Closed scottyhq closed 1 year ago
Thanks for the report. Confirmed that I'm also seeing duplicates. We'll take a look.
I'll just add that perhaps I got the issue title wrong and this is restricted to certain STAC items in 2019... because we also noticed that if you omit the datetime
keyword altogether no duplicates are returned...
This should also be resolved by https://github.com/stac-utils/pgstac/pull/154, and rolled out to the Planetary Computer in the next week.
This has also been resolved in the latest release:
import pystac_client
import planetary_computer
import geopandas as gpd
stac_client = pystac_client.Client.open('https://planetarycomputer.microsoft.com/api/stac/v1',
modifier = planetary_computer.sign_inplace, #new!
)
search = stac_client.search(
collections = ['sentinel-1-rtc'],
bbox = [-121.68811311, 46.83262832, -120.19715332, 47.84592105],
datetime = '2019-01-01/2019-12-31',
limit=100, #default=100, max=1000
)
items = search.get_all_items()
print(f'Returned {len(items)} items')
gf = gpd.GeoDataFrame.from_features( items.to_dict(), crs='EPSG:4326')
gf['stac_ids'] = [item.id for item in items]
with gpd.pd.option_context('display.max_colwidth', None):
display(gf[gf.stac_ids.duplicated()]['stac_ids'])
# Returned 348 items
# Series([], Name: stac_ids, dtype: object)
Is it possible that the issue is still there?
The following is a reproducible example (tested several times with the same result).

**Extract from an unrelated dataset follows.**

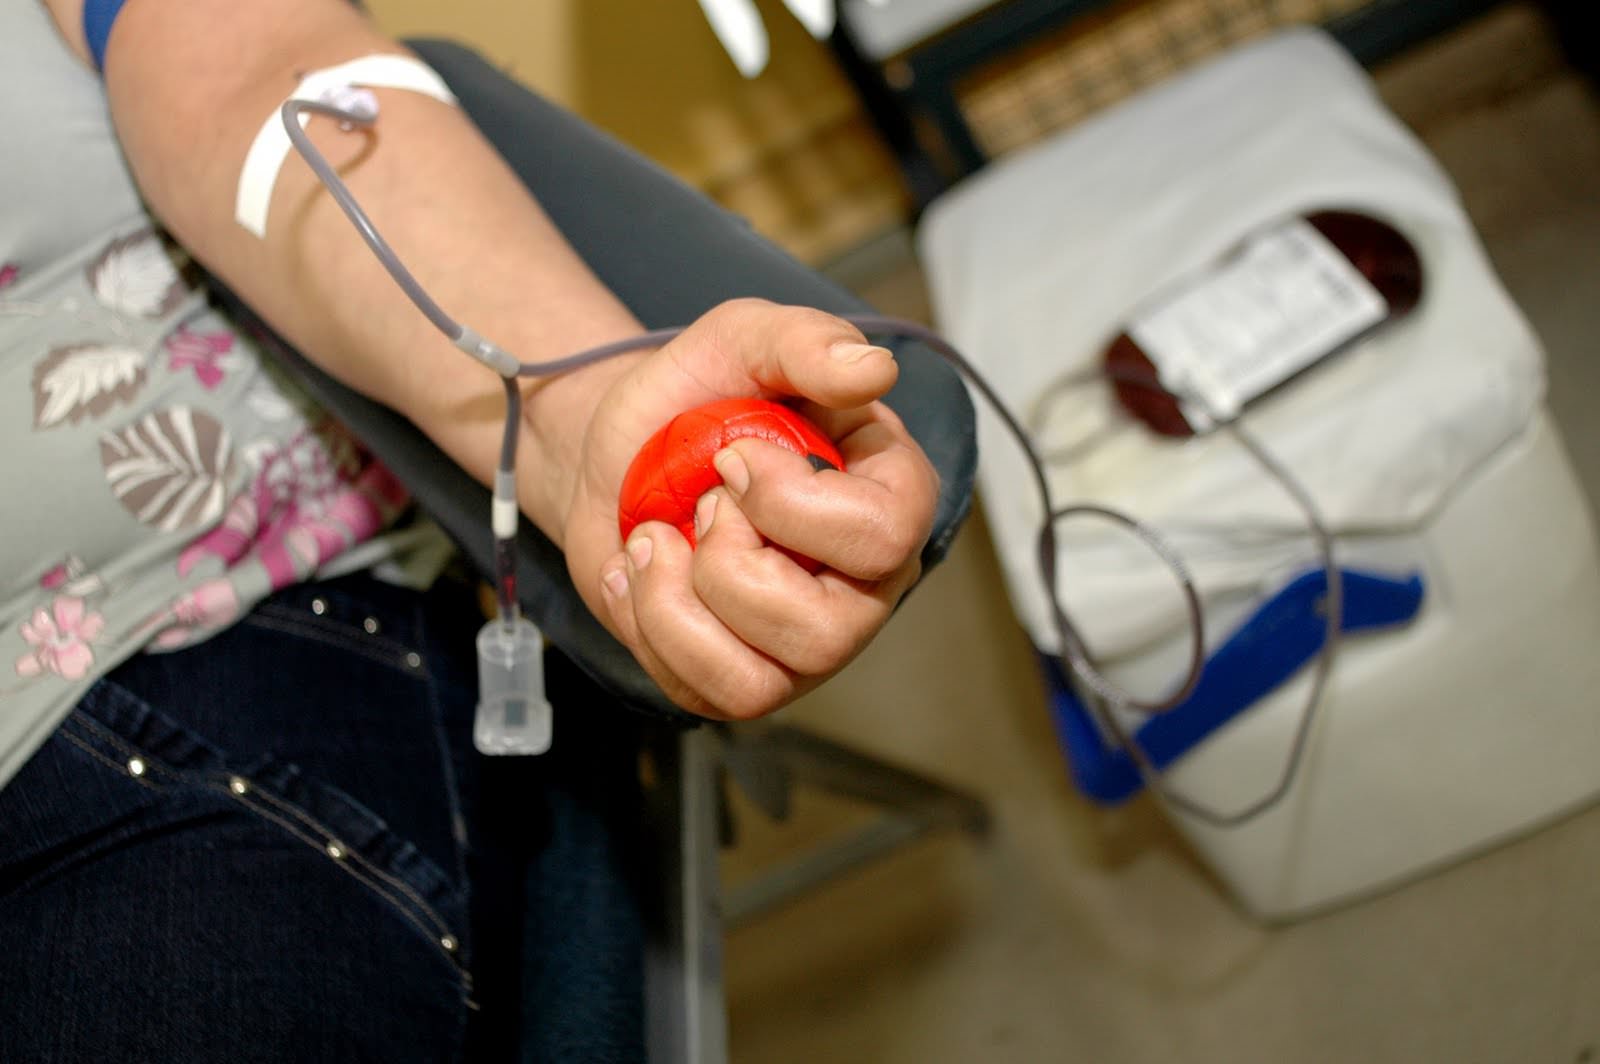 Hemoam convoca doadores de sangue O negativo

There are duplicates with the following:
import pystac_client
import planetary_computer
import pandas as pd
catalog = pystac_client.Client.open(
"https://planetarycomputer.microsoft.com/api/stac/v1",
modifier=planetary_computer.sign_inplace,
)
bbox = [6.542560884238387, 47.90437963762056, 6.554888159664198, 47.909116654035785]
datetime='2020-01-01/2025-12-31'
cloud_nb=30
search = catalog.search(
collections=["sentinel-2-l2a"],
bbox=bbox,
datetime=datetime,
query={"eo:cloud_cover": {"lt": cloud_nb}},
sortby="datetime",
)
coll = search.item_collection()
print(pd.Series([i.id for i in coll]).duplicated().any())
# True
But not with:
search = catalog.search(
collections=["sentinel-2-l2a"],
bbox=bbox,
datetime=time_range,
query={"eo:cloud_cover": {"lt": cloud_nb}},
sortby="datetime",
limit=1000
)
coll = search.item_collection()
print(pd.Series([i.id for i in coll]).duplicated().any())
# False
The bug causing this specific issue should have been fixed. But it's possible you're running into a similar issue, which was reported at https://github.com/microsoft/PlanetaryComputer/issues/301 and is still unresolved.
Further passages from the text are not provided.